How do you find the definite integral of #t^7cos(t^4) # from #[pi^(1/4), (pi/2)^(1/4)]#?

1 Answer
Sep 7, 2016

#1/8(pi+2)#.

Explanation:

Let #I=int_(pi^(1/4))^((pi/2)^(1/4)) t^7cos(t^4)dt#.

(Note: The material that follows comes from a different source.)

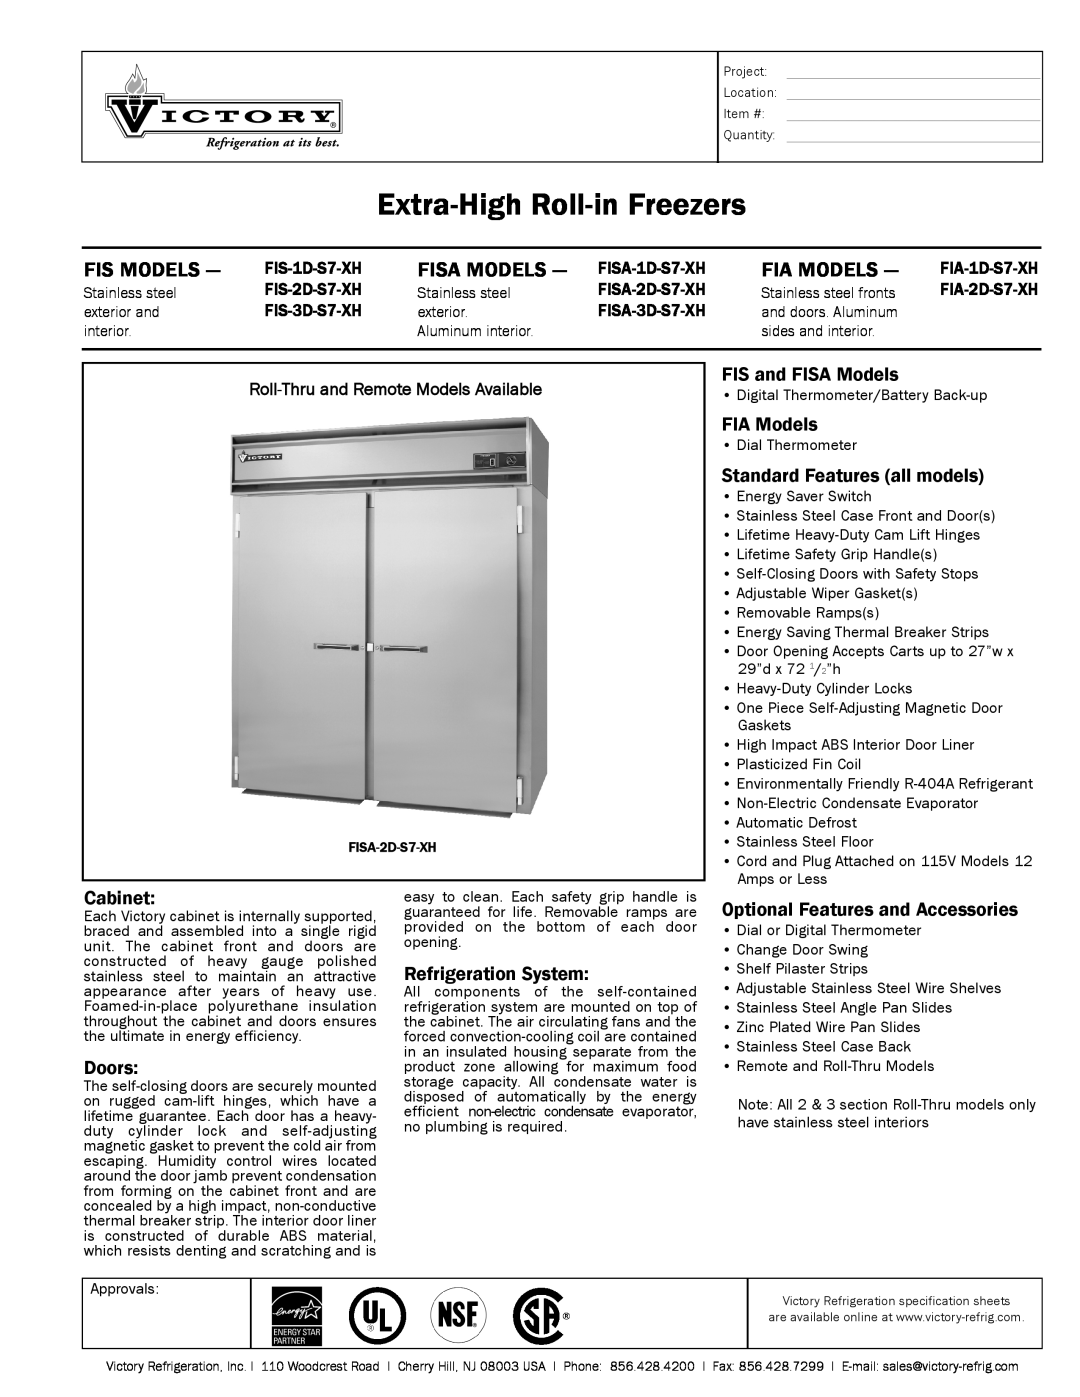 Victory Refrigeration FIS-2D-S7-XH specifications Extra-High Roll-inFreezers, Fis Models, Fisa Models, Fia Models, Cabinet

We subst. #t^4=x rArr 4t^3dt=dx#

Also, #t=(pi)^(1/4) rArr x=pi, and, t=(pi/2)^(1/4) rArr x=pi/2#. Therefore,

#I=1/4int_(pi) ^ (pi/2)xcosxdx#

We first find the Indefinite Integral #intxcosxdx# using IBP :

#intxcosxdx=x*intcosxdx-int[d/dx(x)*intcosxdx]dx#

#=xsinx-intsinxdx#

#=xsinx-(-cosx)#

#xsinx+cosx+C#

Therefore, #I=1/4[xsinx+cosx]_(pi)^(pi/2)#

#=1/4[{pi/2*sin(pi/2)+cos(pi/2)}-{pisin(pi)+cos(pi)}]#

#=1/4(pi/2+1)#

#=1/8(pi+2)#.